Just think about the trade off from OpenAI's side here - they're going to add a bunch of complexity to gpt3.5 to let it call out to engines (either an external system monitoring all outputs for chess related stuff, or some kind of tool-assisted CoT for instance) just so it can play chess incorrectly a high percentage of the time, and even when it doesn't at a mere 1800ELO level? In return for some mentions in a few relatively obscure blog posts? Doesn't make any sense to me as an explanation.

replies(2): >>42144427 #>>42144614 #

4. pixiemaster ◴[15 Nov 24 06:21 UTC] No.42144379[source]▶

>>42144283 (TP) #

I have this hypothesis as well, that OpenAI added a lot of „classic“ algorithms and rules over time, (eg rules for filtering etc)

5. copperx ◴[15 Nov 24 06:37 UTC] No.42144427[source]▶

>>42144326 #

But there could be a simple explanation. For example, they could have tested many "engines" when developing function calling and they just left them in there. They just happened to connect to a basic chess playing algorithm and nothing sophisticated.

Also, it makes a lot of sense if you expect people to play chess against the LLM, especially if you are later training future models on the chats.

replies(1): >>42144859 #

6. golol ◴[15 Nov 24 06:57 UTC] No.42144517[source]▶

>>42144283 (TP) #

Sorry this is just consiracy theorizing. I've tried jt with GPT-3.5-instruct myself in the OpenAI playeground where the model clearly does nothing but auto-regression. No function calling there whatsoever.

7. usrusr ◴[15 Nov 24 07:21 UTC] No.42144614[source]▶

>>42144326 #

Could be a pilot implementation to learn about how to link up external specialist engines. Chess would be the obvious example to start with because the problem is so well known, standardized and specialist engines are easily available. If they ever want to offer an integration like that to customers (who might have some existing rule based engine in house), the need to know everything they can about expected cost, performance.

replies(1): >>42144821 #

8. bubblyworld ◴[15 Nov 24 08:05 UTC] No.42144821{3}[source]▶

>>42144614 #

This doesn't address its terrible performance. If it were touching anything like a real engine it would be playing at a superhuman level, not the level of a upper-tier beginner.

replies(2): >>42145541 #>>42148929 #

9. bubblyworld ◴[15 Nov 24 08:13 UTC] No.42144859{3}[source]▶

>>42144427 #

This still requires a lot of coincidences, like they chose to use a terrible chess engine for their external tool (why?), they left it on in the background for all calls via all APIs for only gpt-3.5-turbo-instruct (why?), they see business value in this specific model being good at chess vs other things (why?).

You say it makes sense but how does it make sense for OpenAI to add overhead to all of its API calls for the super niche case of people playing 1800 ELO chess/chat bots? (that often play illegal moves, you can go try it yourself)

10. 9dev ◴[15 Nov 24 10:21 UTC] No.42145541{4}[source]▶

>>42144821 #

That would have immediately given away that something must be off. If you want to do this in a subtle way that increases the hype around GPT-3.5 at the time, giving it a good-but-not-too-good rating would be the way to go.

replies(1): >>42147459 #

11. bubblyworld ◴[15 Nov 24 14:56 UTC] No.42147459{5}[source]▶

>>42145541 #

If you want to keep adding conditions to an already-complex theory, you'll need an equally complex set of observations to justify it.

replies(1): >>42148203 #

12. samatman ◴[15 Nov 24 16:12 UTC] No.42148203{6}[source]▶

>>42147459 #

You're the one imposing an additional criterion, that OpenAI must have chosen the highest setting on a chess engine, and demanding that this additional criterion be used to explain the facts.
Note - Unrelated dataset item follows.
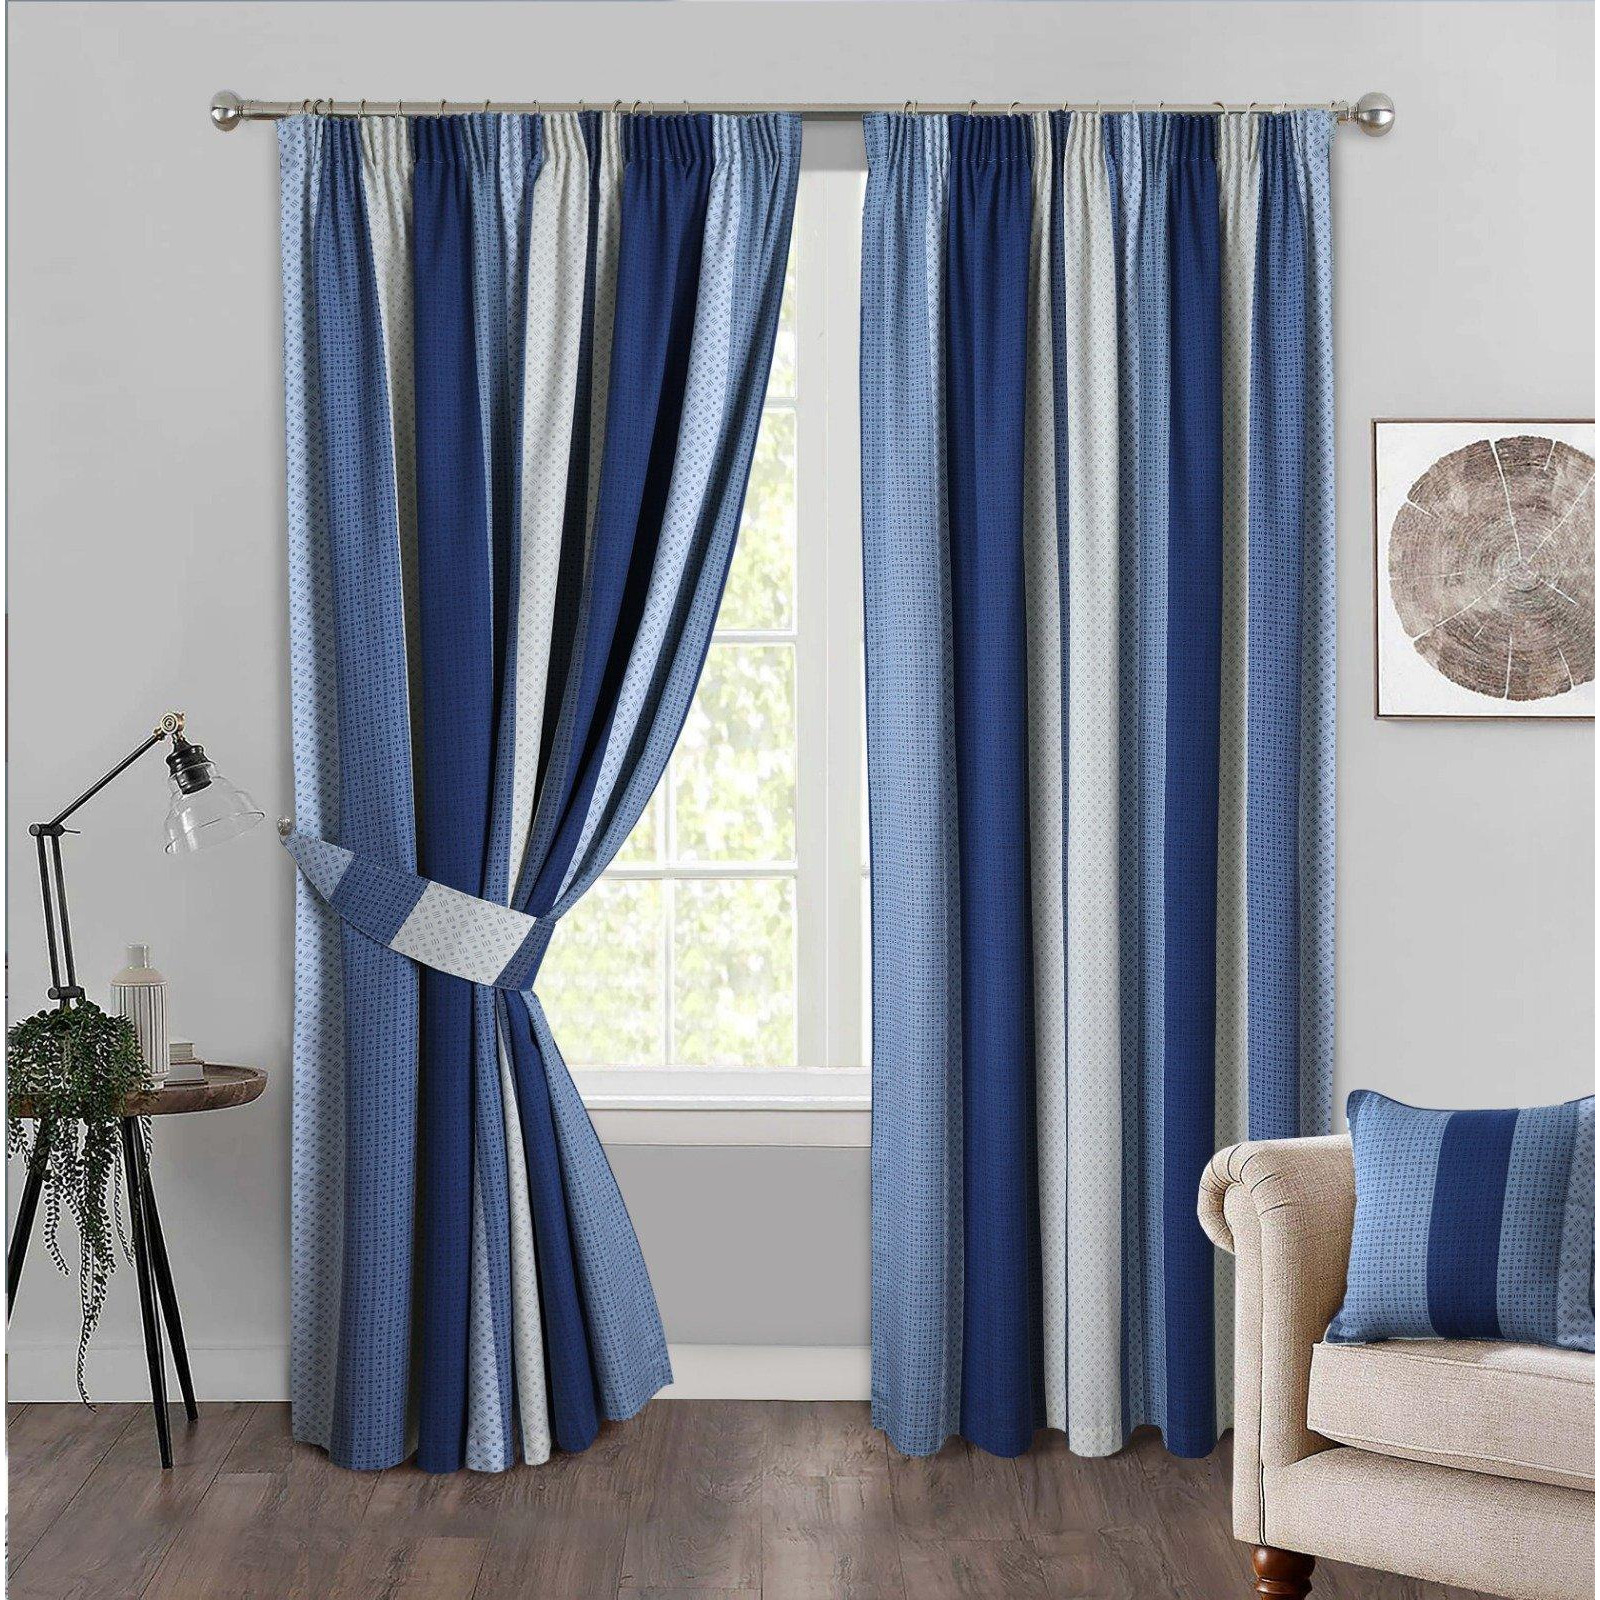 Seville Printed Fully Lined 3 Inches Pencil Pleat  curtains with Tiebacks included pair - image 1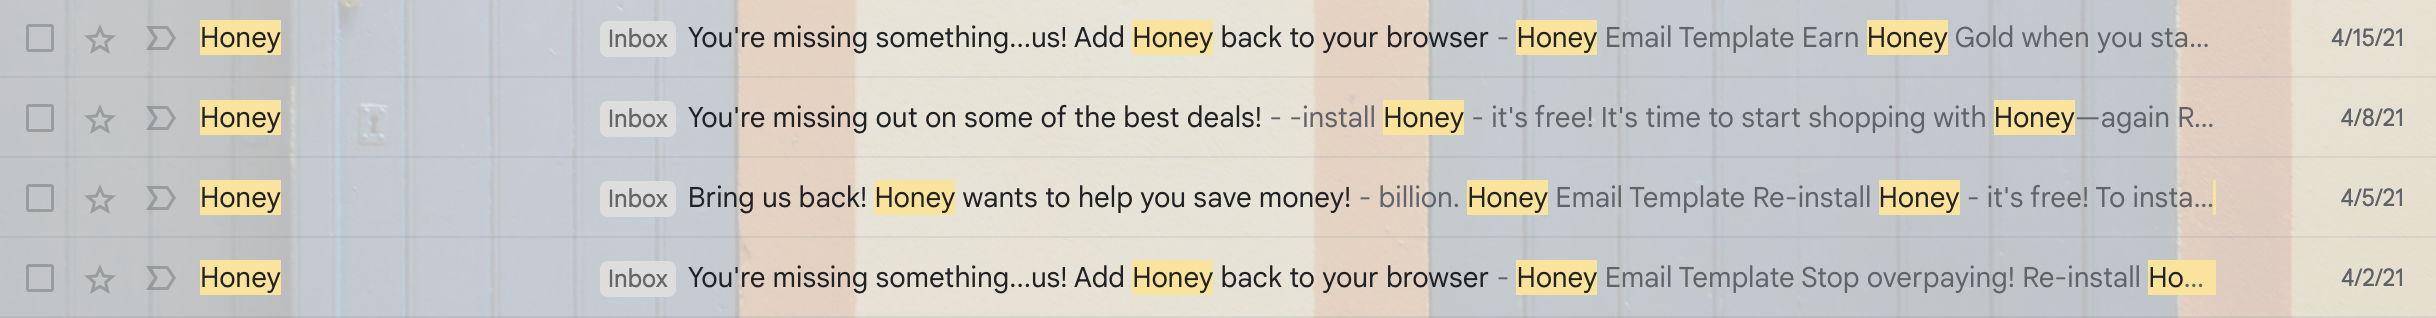 Honey drip campaign in Gmail

I agree with GP that if a 'fine tuning' of GPT 3.5 came out the gate playing at top Stockfish level, people would have been extremely suspicious of that. So in my accounting of the unknowns here, the fact that it doesn't play at the top level provides no additional information with which to resolve the question.

replies(5): >>42148525 #>>42148570 #>>42148689 #>>42148759 #>>42154446 #

13. ◴[15 Nov 24 16:43 UTC] No.42148525{7}[source]▶

>>42148203 #

14. ◴[15 Nov 24 16:49 UTC] No.42148570{7}[source]▶

>>42148203 #

15. ◴[15 Nov 24 17:02 UTC] No.42148689{7}[source]▶

>>42148203 #

16. ◴[15 Nov 24 17:10 UTC] No.42148759{7}[source]▶

>>42148203 #

17. usrusr ◴[15 Nov 24 17:28 UTC] No.42148929{4}[source]▶

>>42144821 #

The way I read the article is that it's just as terrible as you would expect it to be from pure word association, except for one version that's an outlier in not being terrible at all within a well defined search depth, and again just as terrible beyond that. And only this outlier is the weird thing referenced in the headline.

I read this as that this outlier version is connecting to an engine, and that this engine happens to get parameterized for a not particularly deep search depth.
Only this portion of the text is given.